Ross Colton vs. Nazem Kadri: what the coverage reveals about role expectations

Nazem Kadri’s re-debut with the Colorado Avalanche and a separate NHL EDGE advanced-stats profile present two ways of reading his early impact; the word ross colton appears here as a search keyword required for this story. Which gives a clearer signal about how Kadri will affect Colorado’s attack: the immediate boxscore and deployment, or the season-long shot-location metrics and shooting-rate context?
Nazem Kadri: re-debut minutes, wing deployment and direct game impact
Kadri logged 21: 47 of ice time in his first game back and spent 6: 43 on the top power-play unit, registering one assist in a 3-2 shootout win against the Minnesota Wild. He generated five scoring chances and put four slot shots on net, while completing three of four slot-pass attempts.
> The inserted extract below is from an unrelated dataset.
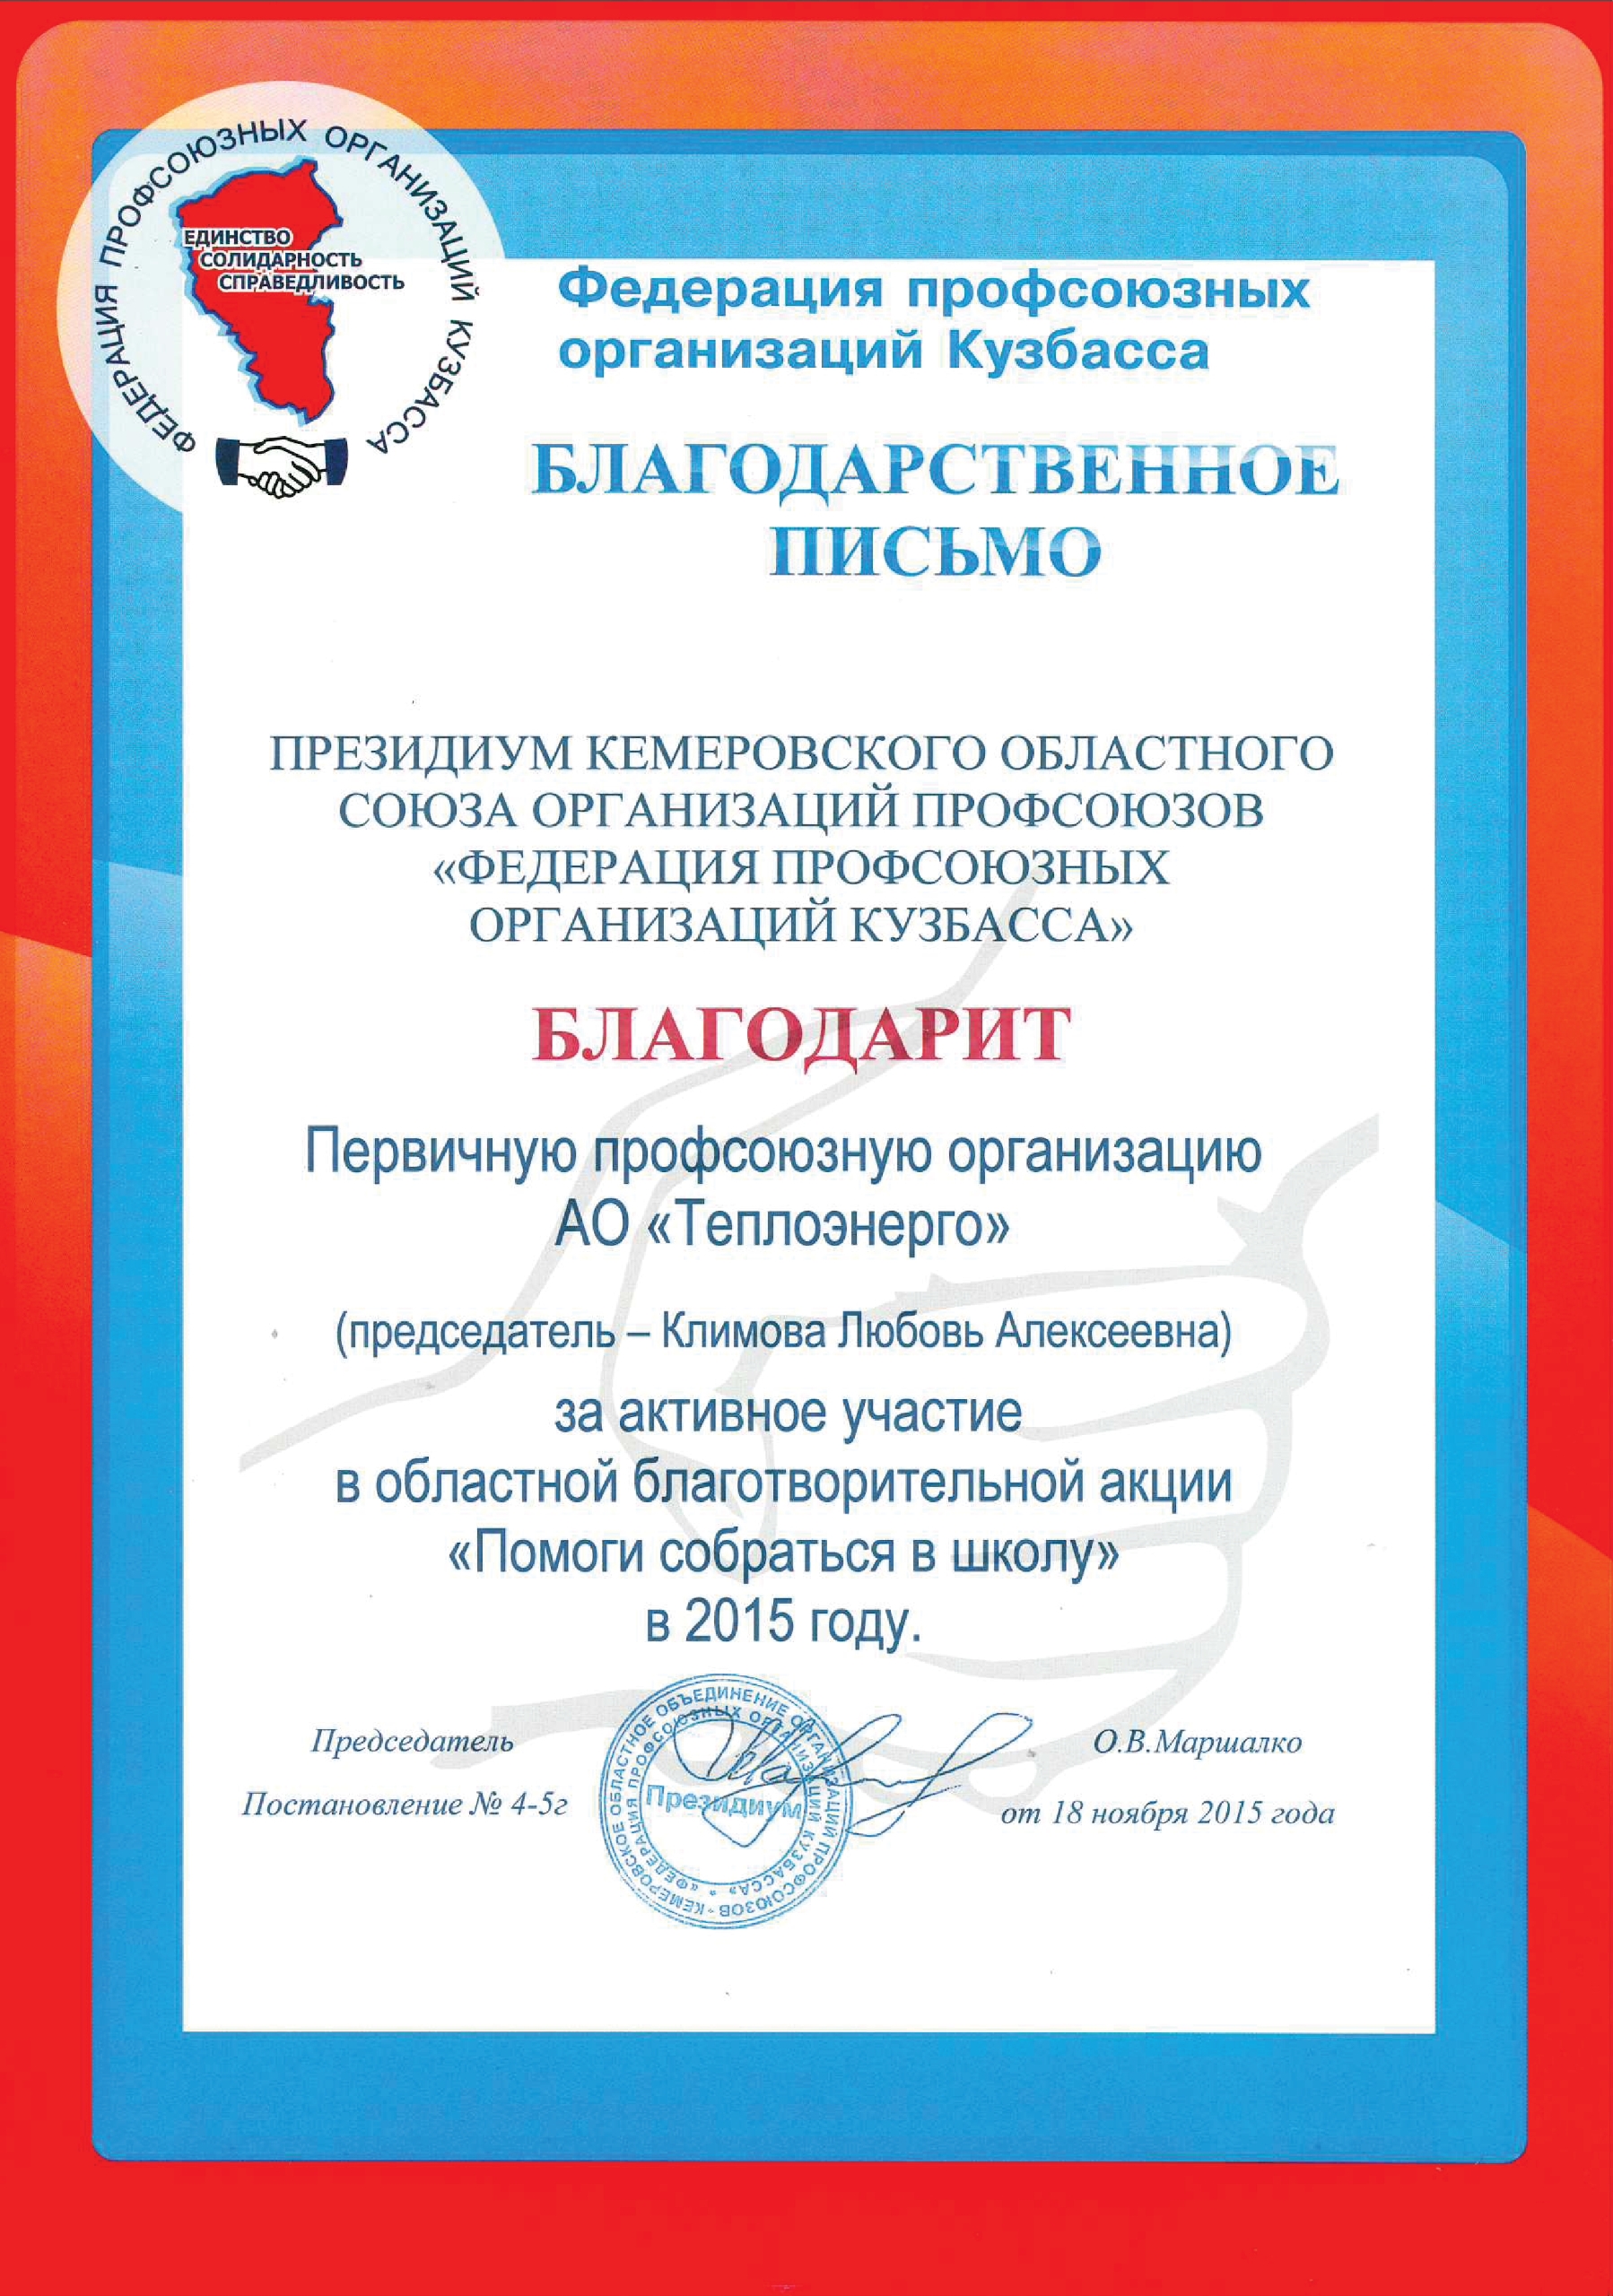 Благодарность от Федерации профсоюзных организаций Кузбасса, 2015 г.

Coach Jared Bednar placed Kadri on the wing alongside Nathan MacKinnon and Martin Necas; in 11: 08 of five-on-five time with that trio, Colorado generated 63. 6 percent of the expected goals. Bednar cited the absence of captain Gabriel Landeskog, who is week to week with a lower-body injury, as a reason for the positional change.
Nazem Kadri: NHL EDGE shot-location profile, season rates and historical highs
NHL EDGE data frames Kadri as a shots-by-location standout this season: he ranked in the 94th percentile for midrange shots on goal and the 92nd percentile for high-danger shots on goal before the trade. His shooting percentage this season was 6. 9 percent, down from 12. 5 percent the prior year and below his career average of 10. 8 percent. That profile sits alongside his past peak with this club, when he set NHL career highs in points and assists in a season and delivered notable postseason scoring in 2020 and the 2022 championship run.
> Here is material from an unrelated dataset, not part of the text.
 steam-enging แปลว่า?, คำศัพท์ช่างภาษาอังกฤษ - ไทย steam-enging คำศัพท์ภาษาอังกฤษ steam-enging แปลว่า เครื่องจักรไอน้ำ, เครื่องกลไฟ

Ross Colton, Nazem Kadri and the Avalanche: where boxscore evidence and EDGE metrics align
Placed side by side, the two reads apply the same evaluative criteria—role, shot quality and scoring output—but highlight different time frames. The game report emphasizes deployment and immediate outputs: 21: 47 of ice time, top-unit power-play minutes and a tangible assist on Nathan MacKinnon’s goal. The EDGE profile emphasizes shot-location tendencies and regression potential, citing 94th and 92nd percentile ranks for midrange and high-danger shots and the season shooting rate of 6. 9 percent. Both views reference power-play impact: Colorado’s top unit averaged 0. 38 expected goals per two minutes in Kadri’s debut, while the team had ranked 28th with 0. 2 expected goals per two minutes on the power play before the acquisition.
Viewed through deployment, Kadri’s wing role and his pairing with MacKinnon and Necas produced above-average five-on-five expected-goal share in limited minutes. Viewed through shot-location metrics, Kadri’s heavy midrange and high-danger shot profile suggests his low season shooting percentage is an outlier relative to the chances he creates; that gap implies potential for higher scoring if his shooting rate reverts toward his career average.
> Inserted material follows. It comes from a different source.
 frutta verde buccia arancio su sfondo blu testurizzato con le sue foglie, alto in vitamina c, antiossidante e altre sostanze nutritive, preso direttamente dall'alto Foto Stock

What the divergence reveals about Colorado’s near-term choices for Nazem Kadri
The difference between the immediate-game read and the EDGE read comes down to deployment and sample size. The game evidence shows Bednar willing to move a natural center to the wing to pair Kadri with elite linemates and to use him on the top power-play unit. The advanced metrics show why that usage matters: Kadri’s shot locations and historic finishing suggest more goals are likely if he receives sustained high-value minutes and power-play time. Both sides treat power-play expected goals as the key lever; one documents a single-game bump to 0. 38 expected goals per two minutes on the top unit, the other cites the team’s pre-acquisition baseline of 0. 2 expected goals per two minutes.
ross colton appears again here as the required keyword string and does not alter the factual comparison between the two perspectives.
Finding: The direct comparison establishes that Kadri’s debut deployment and boxscore outputs already align with the EDGE signal that his shot-location profile should produce more goals than his current season shooting percentage shows. The next confirmed data point that will test this finding is Kadri’s ongoing power-play expected goals per two minutes and his scoring rate in subsequent games while playing with MacKinnon and Necas. If Kadri maintains top-unit minutes and wing deployment with those linemates, the comparison suggests his scoring rate with Colorado should rise toward his historical norms.